View of the TAQA operated Cormorant North Platform in the Cormorant oil field in the UK part of the North Sea.

In this landmark ruling, the Court held that greenhouse gas emissions from the combustion of oil and gas (aka scope 3 emissions) must be assessed before approving extraction projects under the Environmental Impact Assessment Directive

 The language is so sharp, you don’t need to dress it up. A few highlights that speak volumes:

Combating climate change is an objective of fundamental importance, given its adverse effects and the severity of its consequences, including the grave risk of their irreversibility and its impact on fundamental rights.” (para. 67)

The release of greenhouse gas emissions is very likely to follow the antecedent action of extracting petroleum and natural gas in a project. If not for the project, the embedded greenhouse gases would stay below ground.” (para. 69)
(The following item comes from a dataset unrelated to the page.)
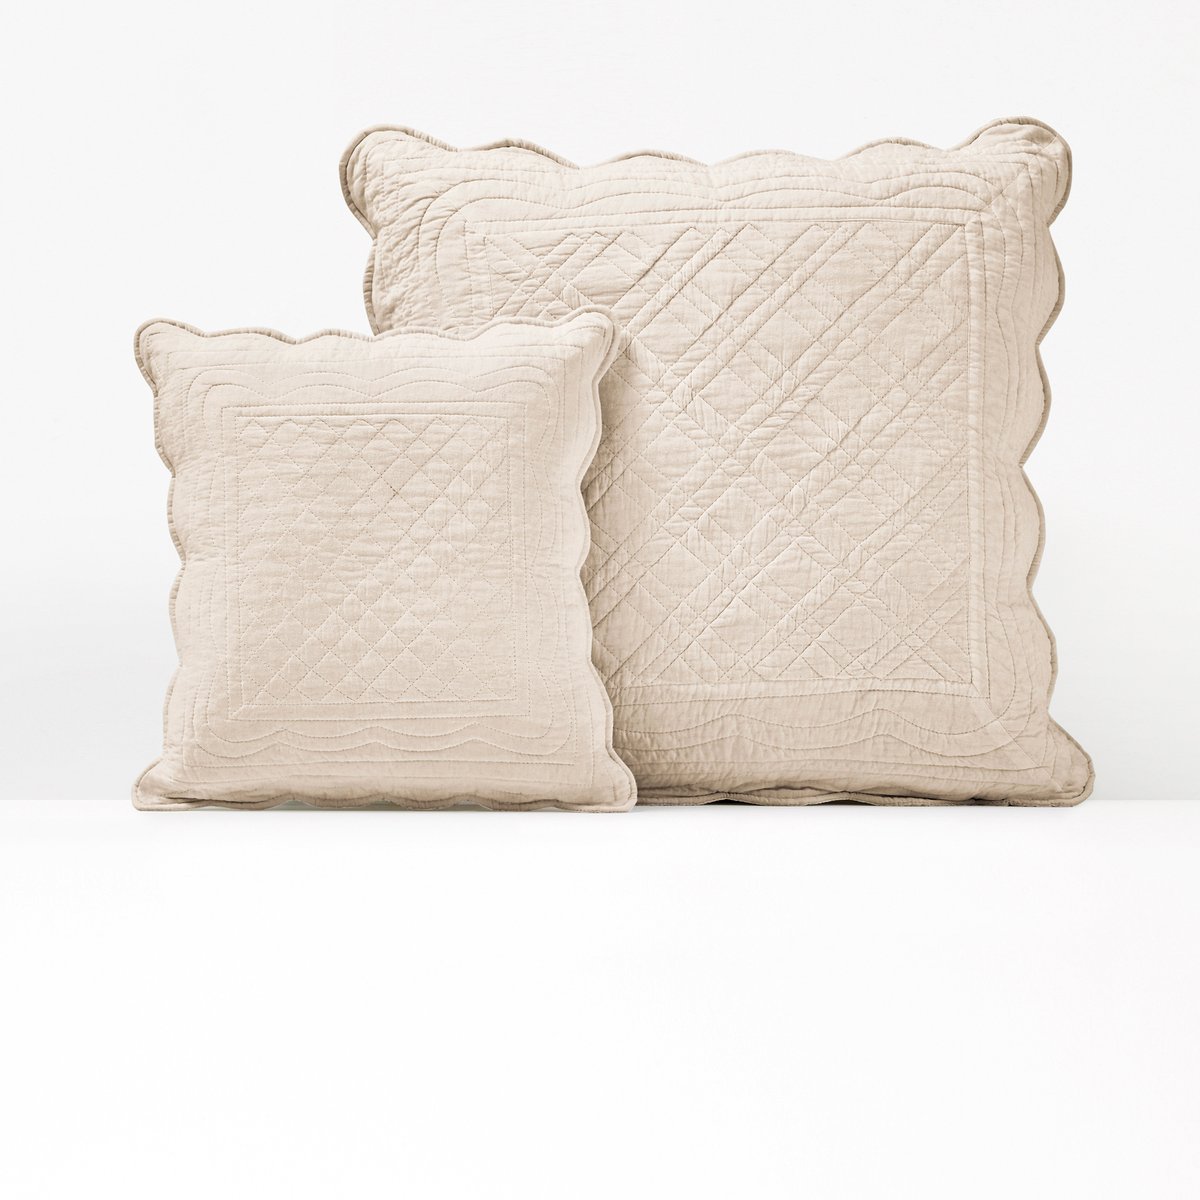 Чехол La Redoute На подушку или подушку-валик из хлопка SCENARIO 65 x 65 см белый, размер 65 x 65 см - фото 1

The environmental impact assessment prior to the extraction of petroleum and natural gas represents the last point at which the public can voice their views and concerns that greenhouse gas emissions that are likely to result from such products will ultimately reach the atmosphere, and whether to avoid this by refraining from exploiting the deposits.” (para. 76)

On the substitution argument “The likely significant effects of the project on the environment must be assessed without regard to speculative analyses of knock-on effects elsewhere. Allowing developers to omit information about high levels of greenhouse gas emissions on the basis of a ‘net’ impact analysis would undermine effective public participation.” (paras 96–97)

Sometimes, the law doesn’t need to be translated. It just needs to be read.

This Advisory Opinion could have significant implications for various existing and future oil and gas projects across Europe, and may also shed new light on pending court cases. The EFTA ruling shows how EU law can be used to challenge fossil fuel projects one by one, based on their climate impact and the failure to assess it. 

But this case-by-case approach isn’t enough on its own.

The long-term solution must be structural: the EU has the competence — and the responsibility — to adopt a ban on new fossil fuel projects. Approving new oil and gas infrastructure is simply incompatible with the EU’s climate targets and with any credible pathway to 1.5°C. That’s the direction our legal and political frameworks must now take.